5. The system as described in claim 4, characterized in that, The policy component is also configured as follows: When determining non-periodic updates to database data, a prediction algorithm, including the weighted moving average method, is used to predict the database retrieval time interval based on the database retrieval time interval data, and the predicted value is used as one of the data update rules of the collected end.
6. The system as described in claim 1, characterized in that, The policy component is also configured as follows: Determine whether the data collection period of the acquisition terminal is stable. If not, the data retrieval period of the acquired terminal is reverted to the preset basic minimum guaranteed period. If so, the data retrieval period of the acquired terminal is adjusted according to the relationship between the data update interval of the acquired terminal and the preset update interval threshold.
7. The system as described in claim 6, characterized in that, The policy component is also configured as follows: When the data collection cycle at the acquisition end is determined to be stable, it is checked whether the data update interval at the acquired end is less than a preset update interval threshold. If so, the current data retrieval cycle at the acquired end is shortened; otherwise, the current data retrieval cycle at the acquired end is lengthened. When extending the current data retrieval period of the collected terminal, the constraints include: the extended data retrieval period of the collected terminal is not greater than the basic minimum guaranteed period.

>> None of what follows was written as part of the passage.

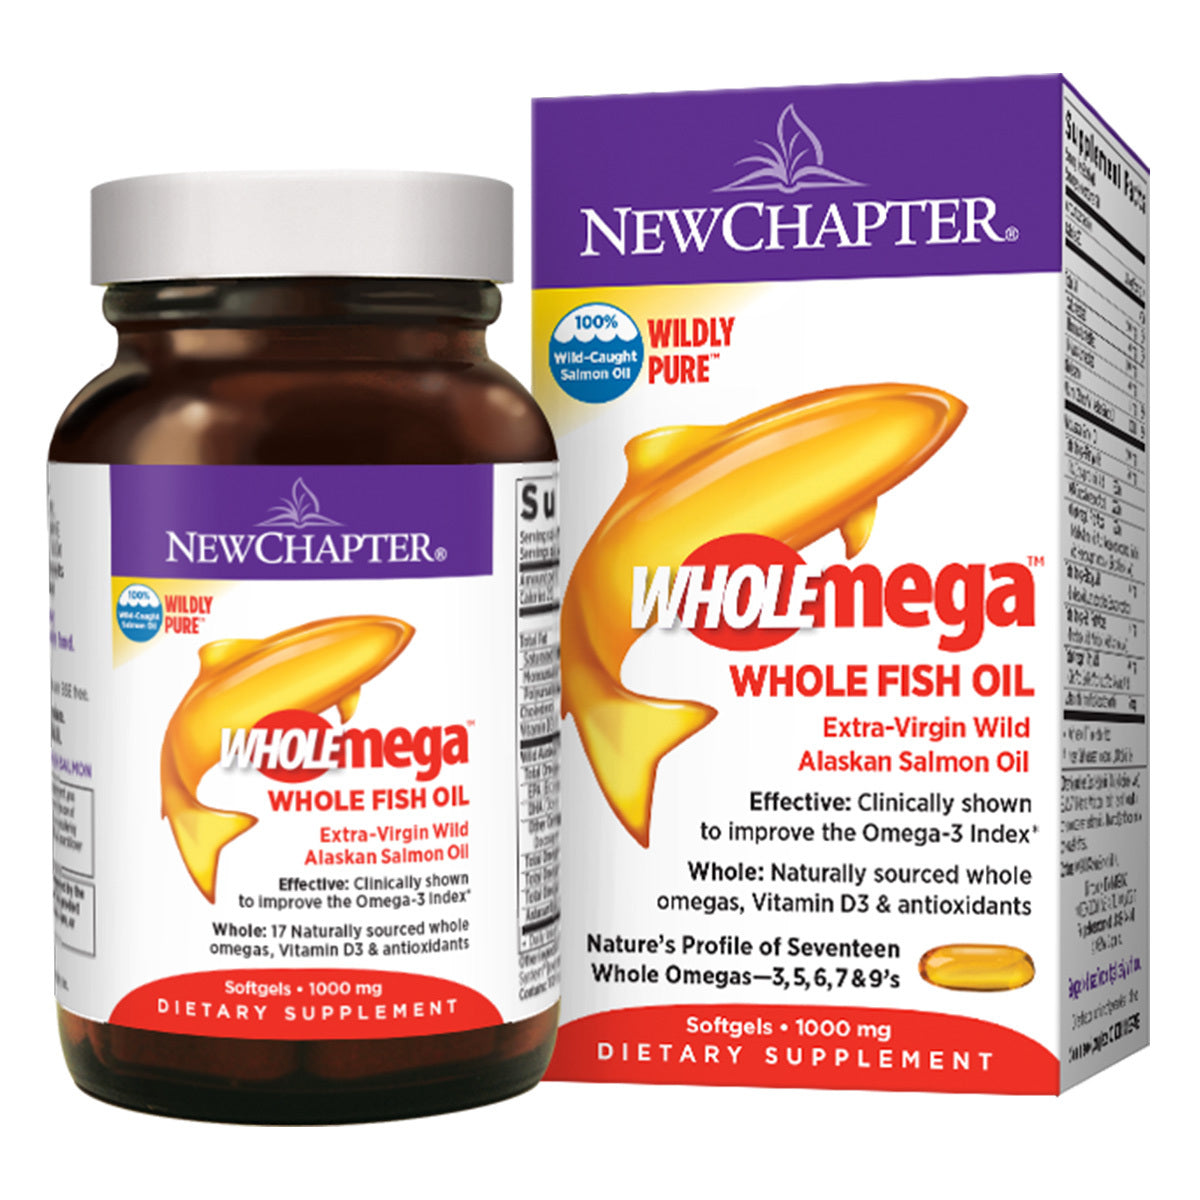 Primary image of Wholemega 1000mg Whole Fish Oil
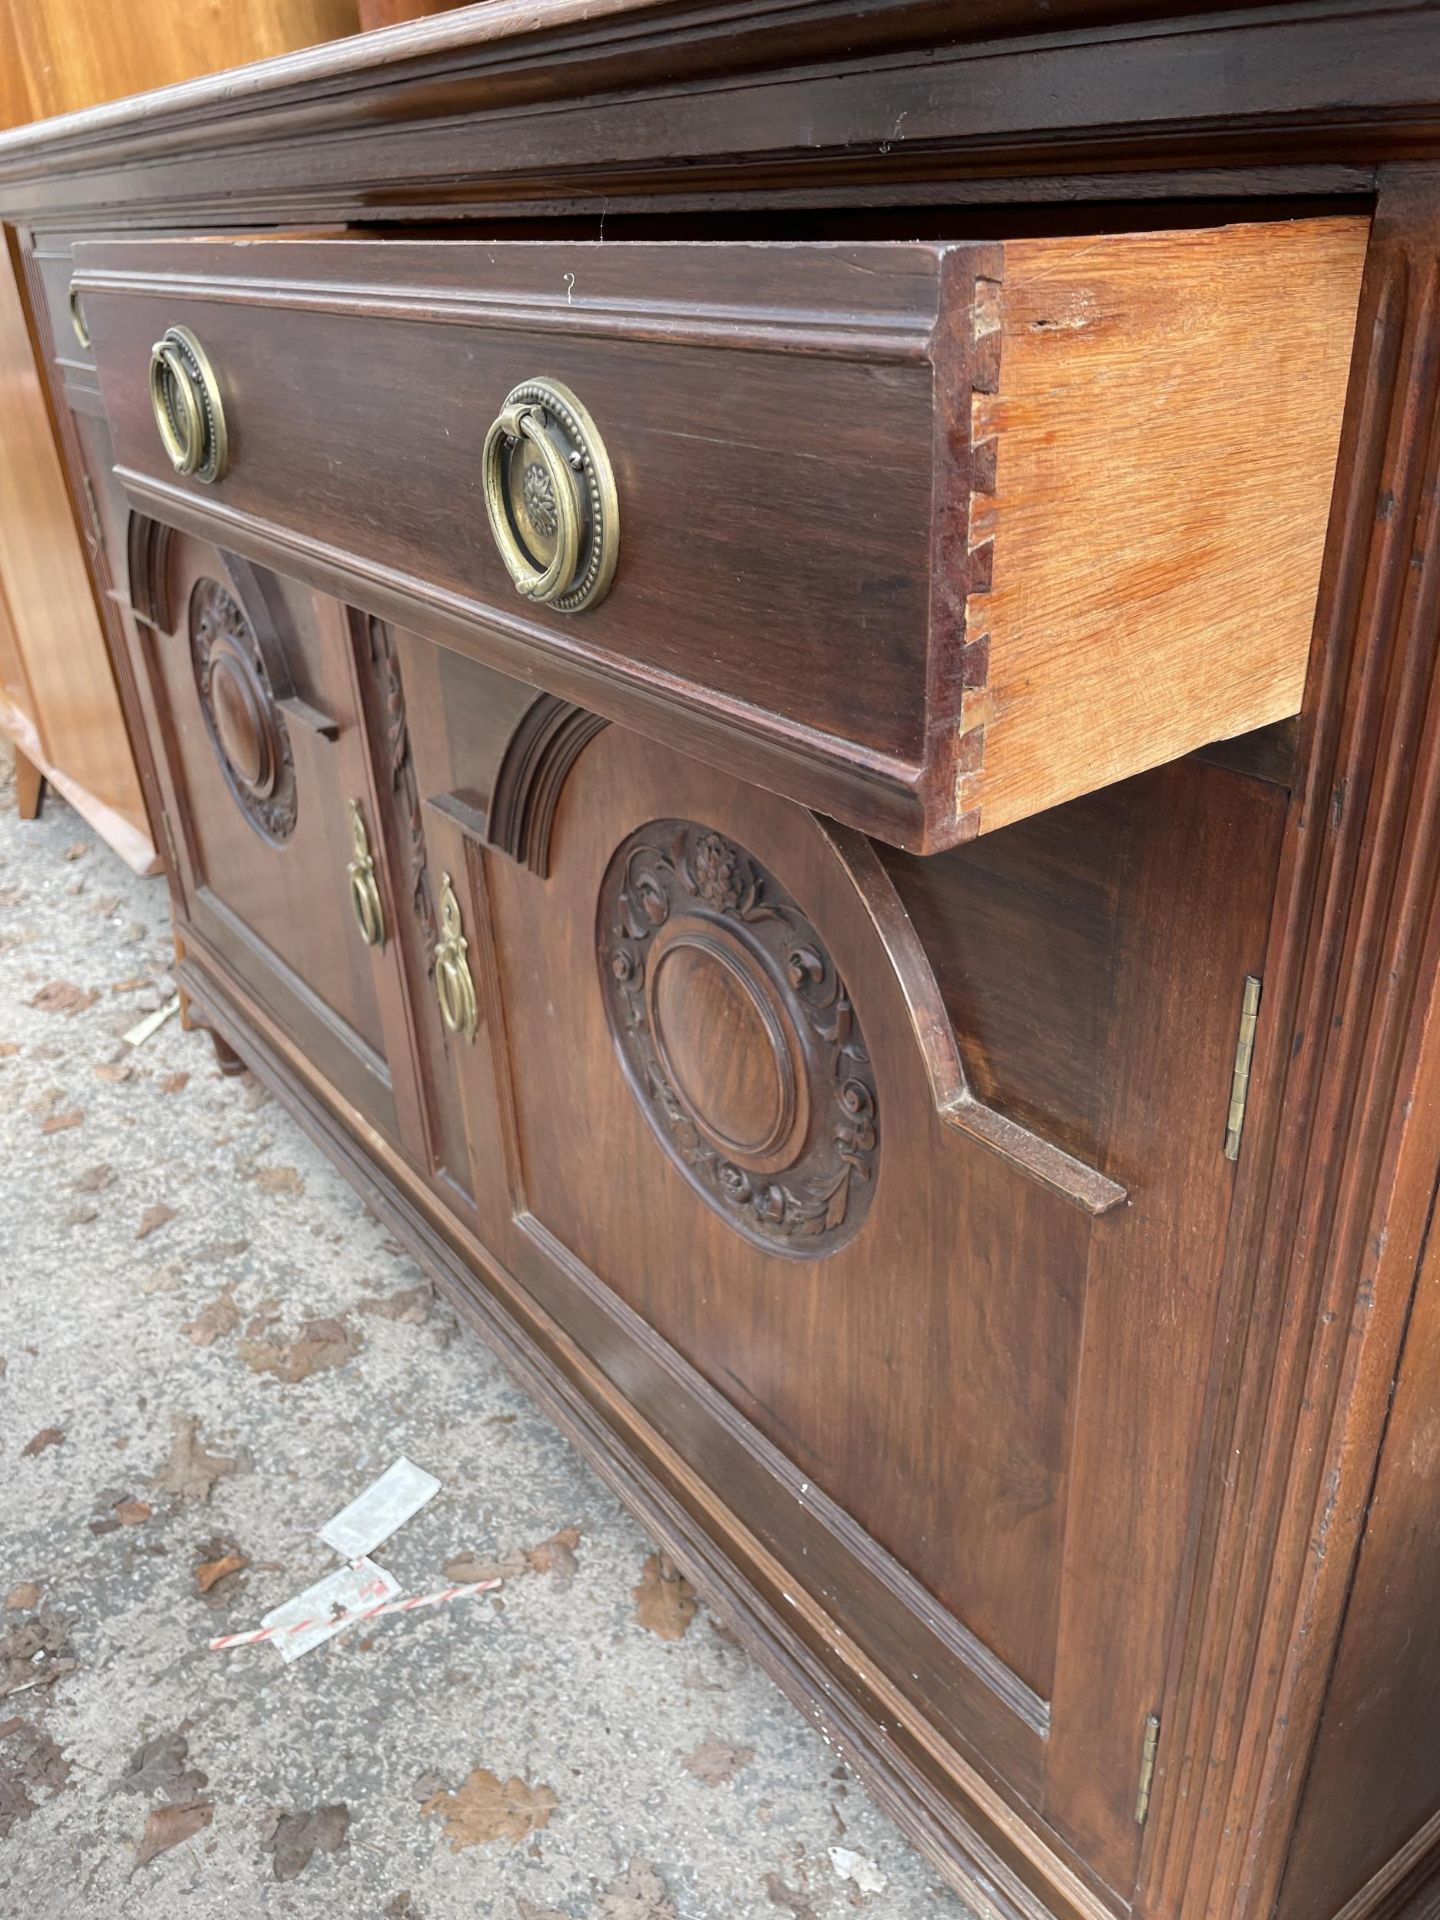 A LATE VICTORIAN MIRROR BACK SIDEBOARD WITH FLUTED COLUMNS AND CARVED PANEL DOORS TO BASE 62" WIDE - Image 4 of 8

8. The system as described in claim 1, characterized in that, The strategy component is configured as follows: Determine whether the effective retrieval rate corresponding to the adjusted data retrieval period of the collected end meets the requirement of being greater than the preset effective retrieval target and not continuously decreasing. If yes, maintain the current data retrieval period of the collected end; otherwise, optimize the current data retrieval period of the collected end until the effective retrieval rate meets the condition.
9. A data acquisition method, characterized in that, include: Using the log component and policy component deployed on the client side, execute the following methods: Log data from the collected device is obtained through the log component. Based on the log data analysis, the data collection cycle pattern of the data collection terminal and the data update pattern of the collected terminal are observed. The data retrieval cycle of the collected terminal is dynamically adjusted based on the analysis results. Optimize system parameters based on the adjusted data retrieval cycle of the collected data source to correspond to the retrieval execution effect.
10. A computer program product, said computer program product being stored in a computer-readable storage medium, characterized in that, When the computer program product is executed by a processor, it is used to implement at least the data acquisition method of claim 9.